*** Begin section ***

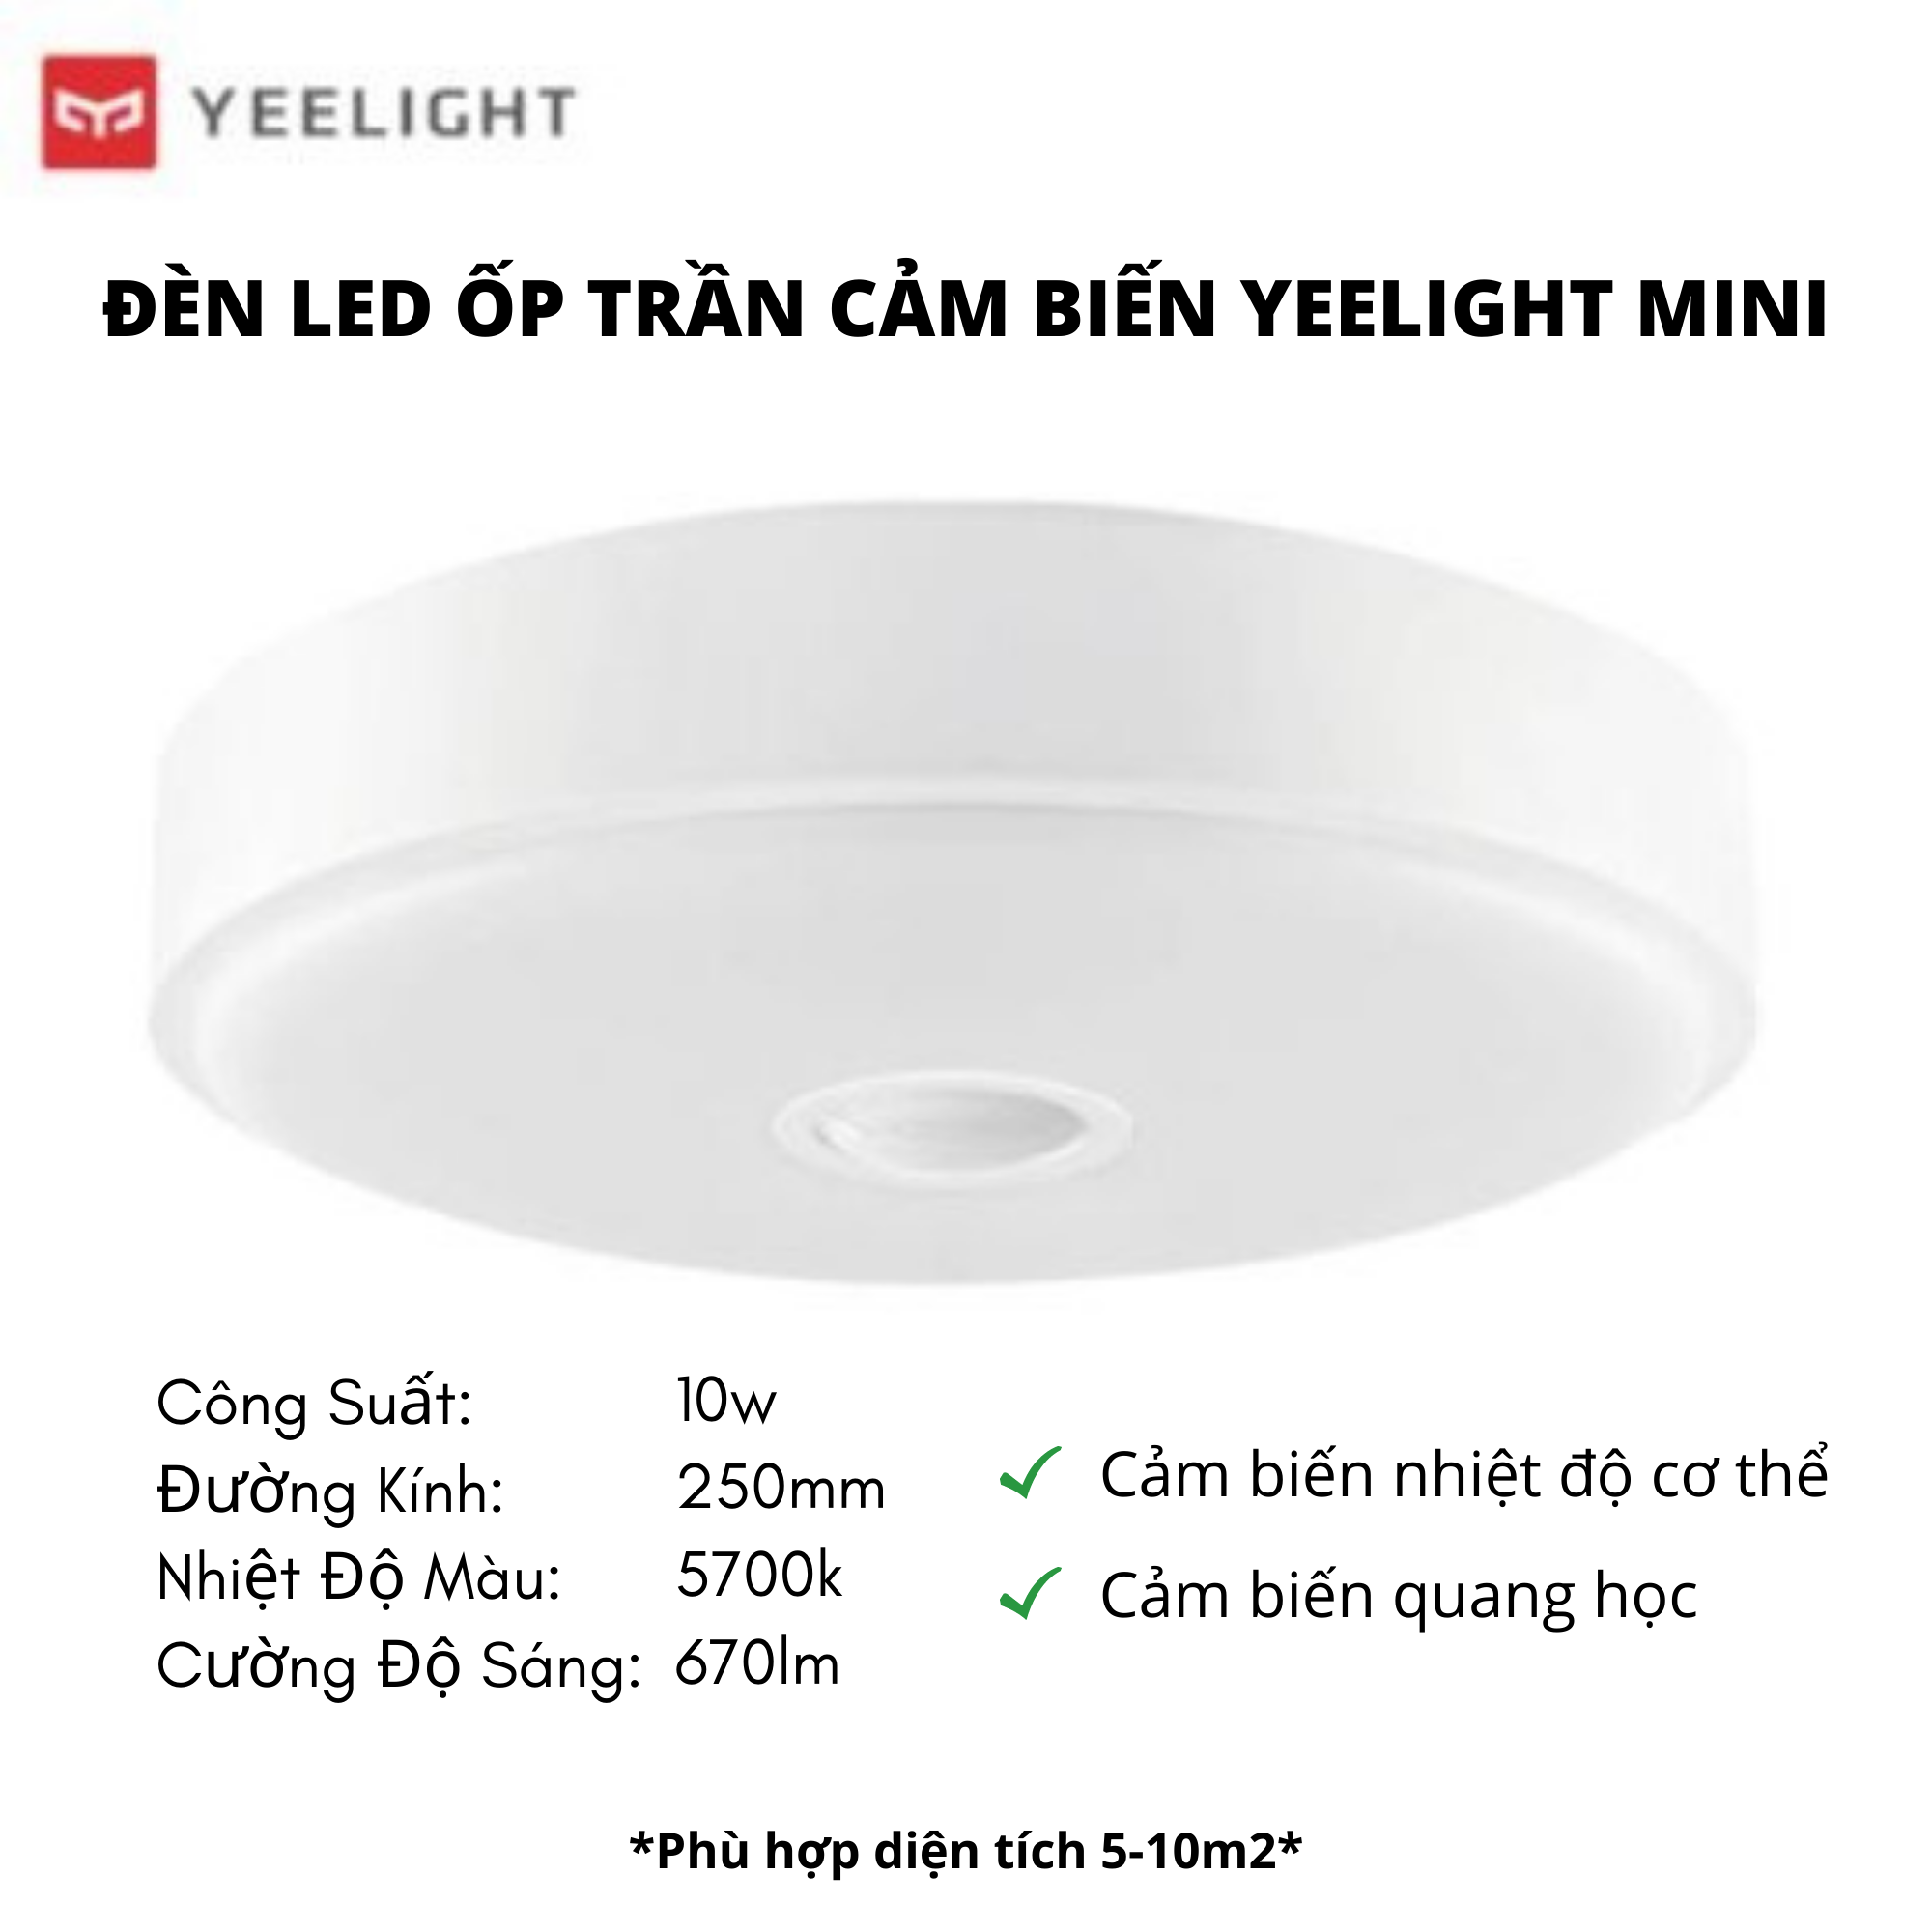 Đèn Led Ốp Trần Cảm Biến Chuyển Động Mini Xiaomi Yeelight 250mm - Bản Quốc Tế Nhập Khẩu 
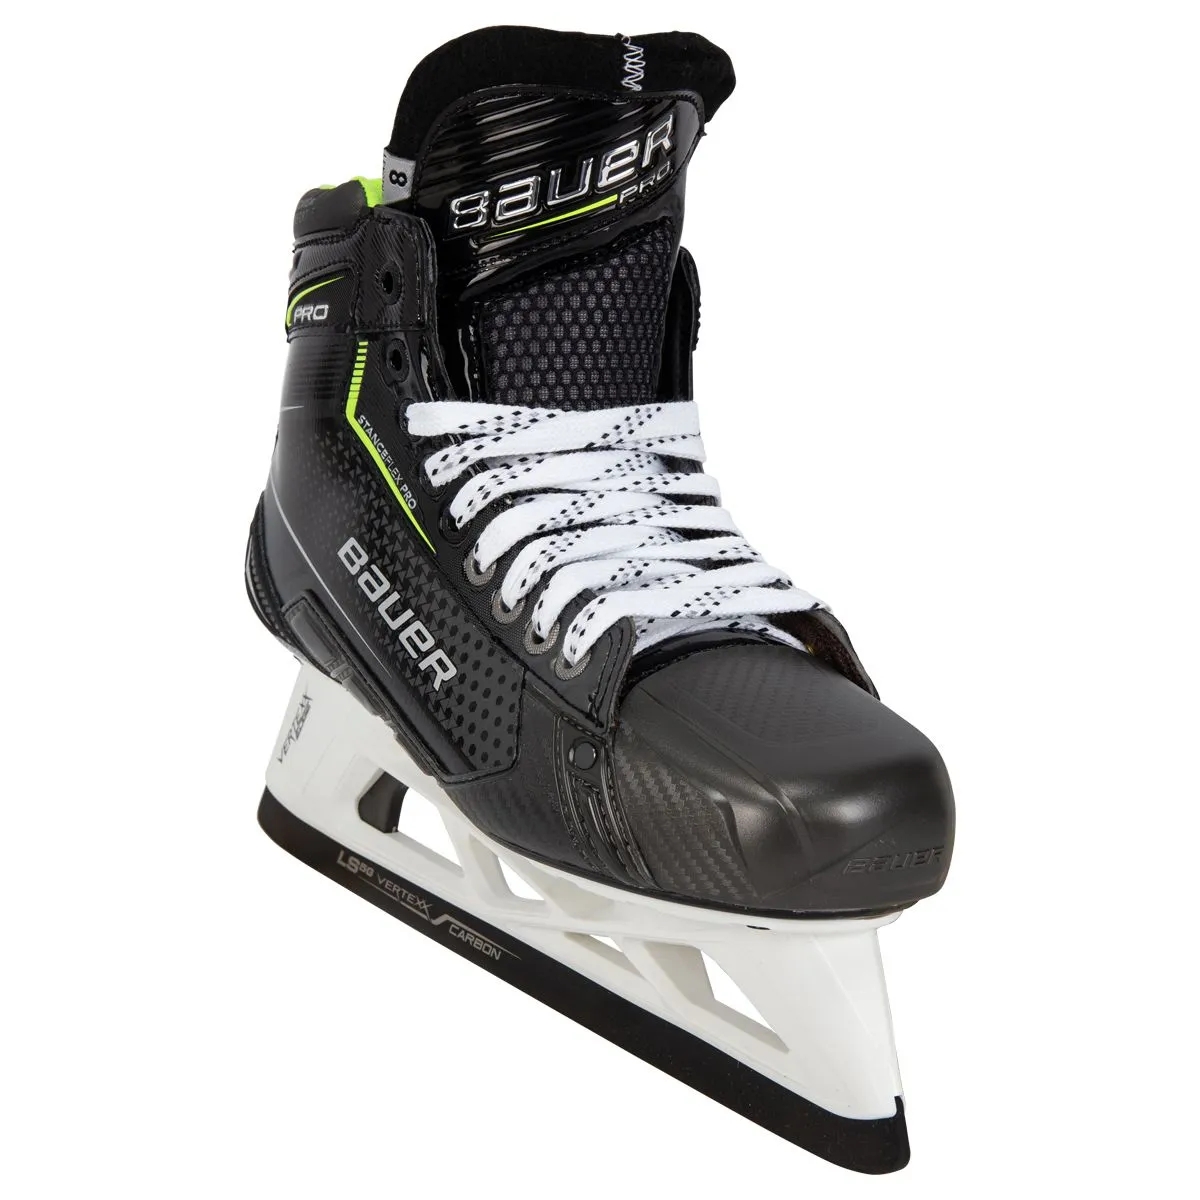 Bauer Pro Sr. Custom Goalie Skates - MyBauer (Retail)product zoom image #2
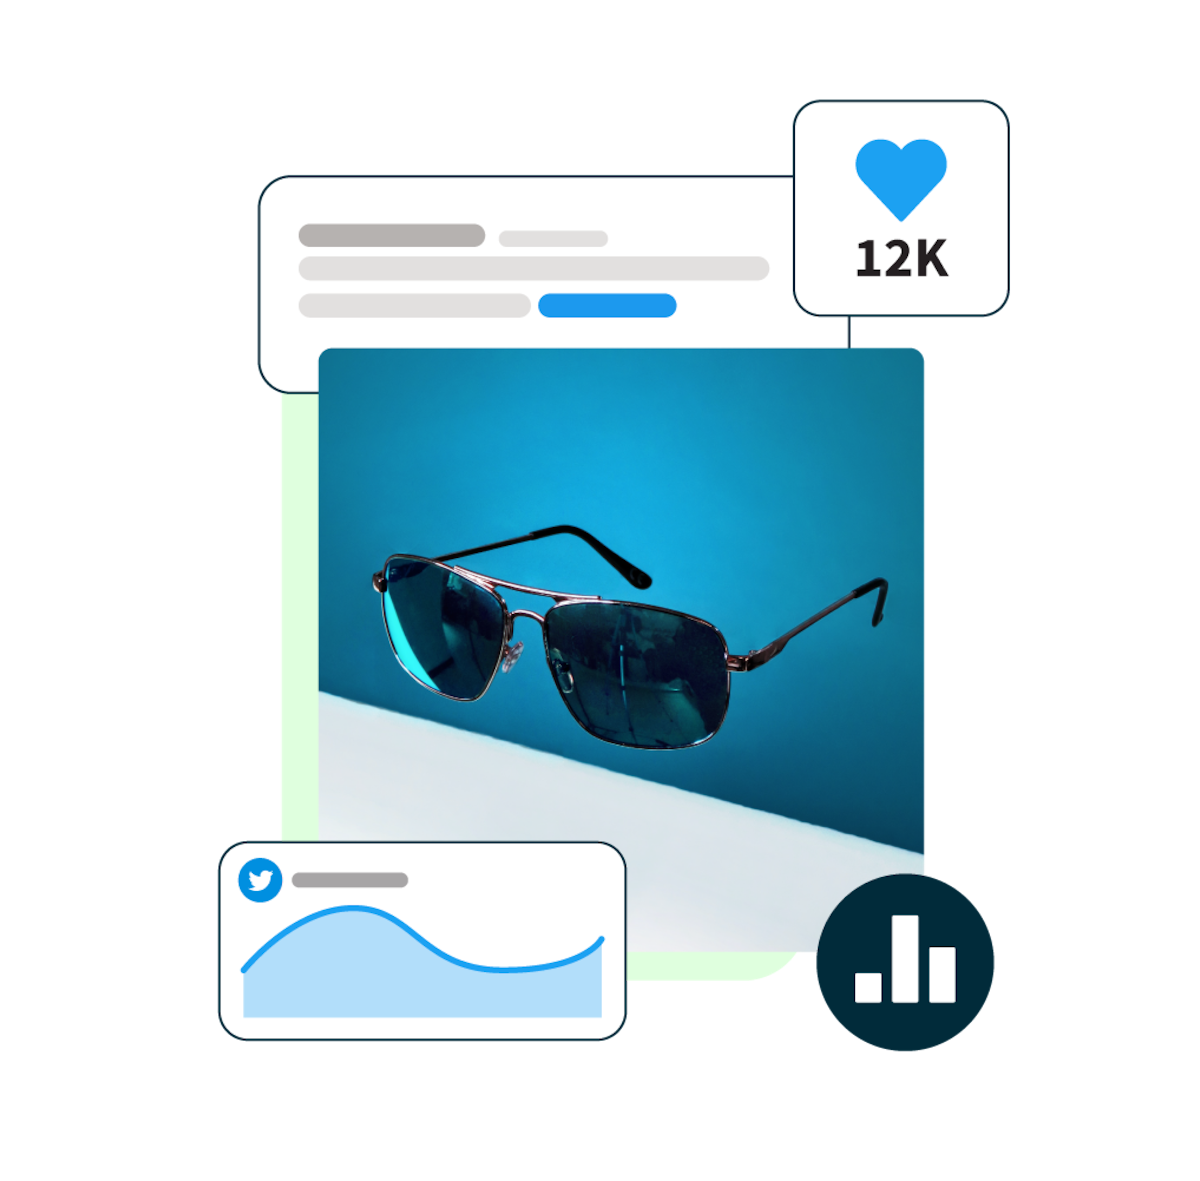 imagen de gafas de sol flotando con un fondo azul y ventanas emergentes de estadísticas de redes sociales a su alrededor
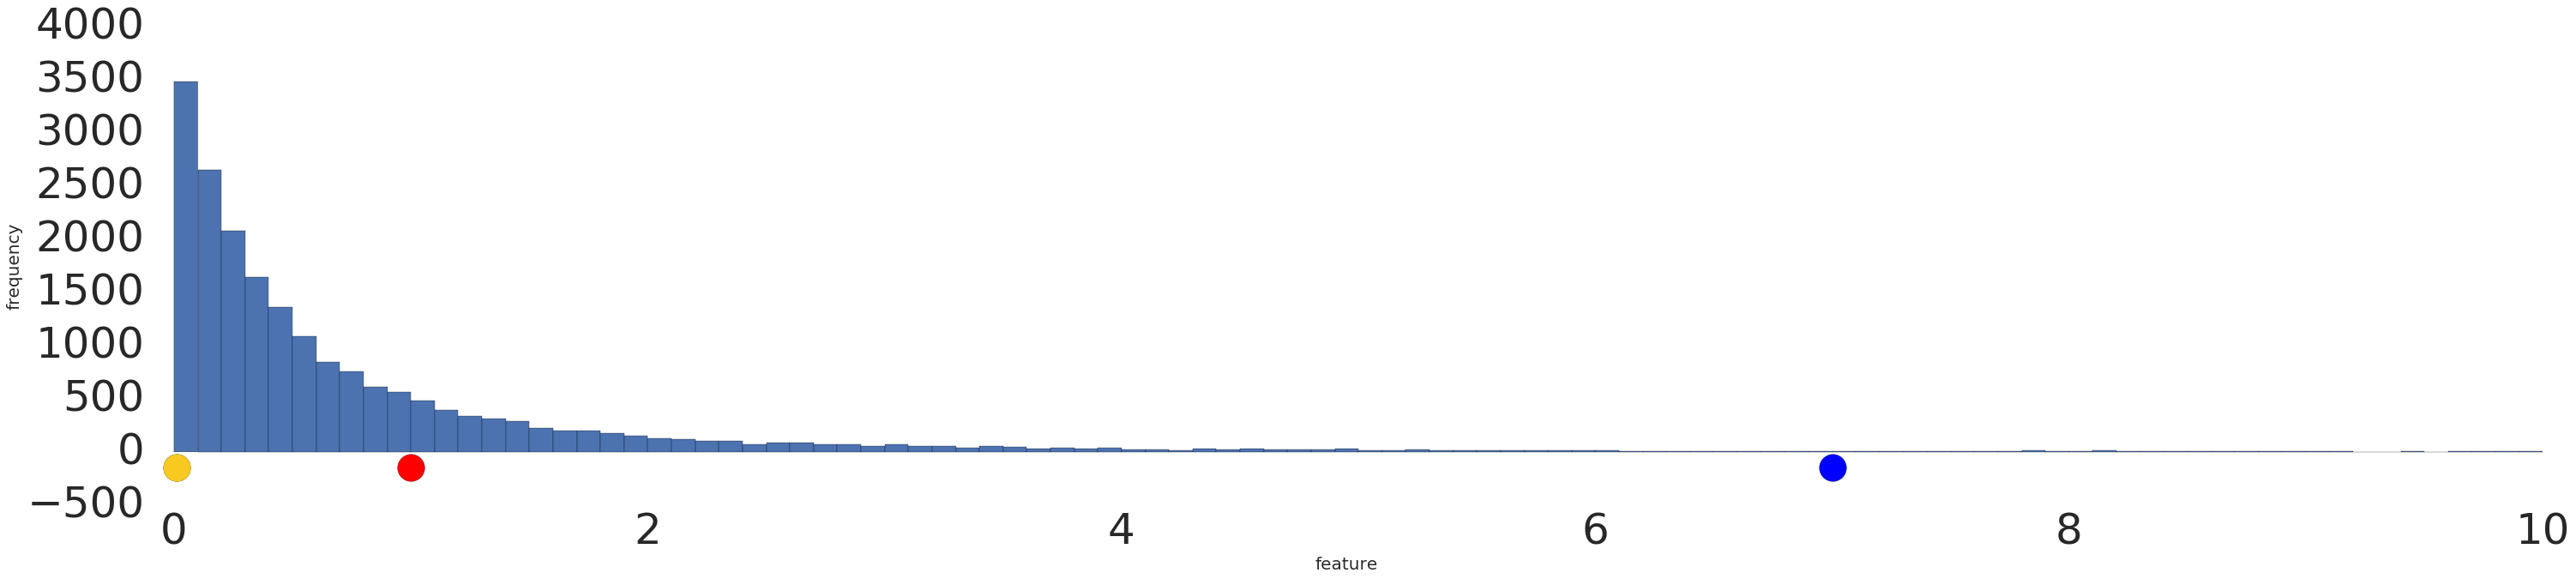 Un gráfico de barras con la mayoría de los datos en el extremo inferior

*** End section ***

* Prompt *
Please restate the data word for word, leaving out any picture it holds.

* Reply *
 Đèn Led Ốp Trần Cảm Biến Chuyển Động Mini Xiaomi Yeelight 250mm - Bản Quốc Tế Nhập Khẩu 
 Bauer Pro Sr. Custom Goalie Skates - MyBauer (Retail)product zoom image #2
 imagen de gafas de sol flotando con un fondo azul y ventanas emergentes de estadísticas de redes sociales a su alrededor
 Un gráfico de barras con la mayoría de los datos en el extremo inferior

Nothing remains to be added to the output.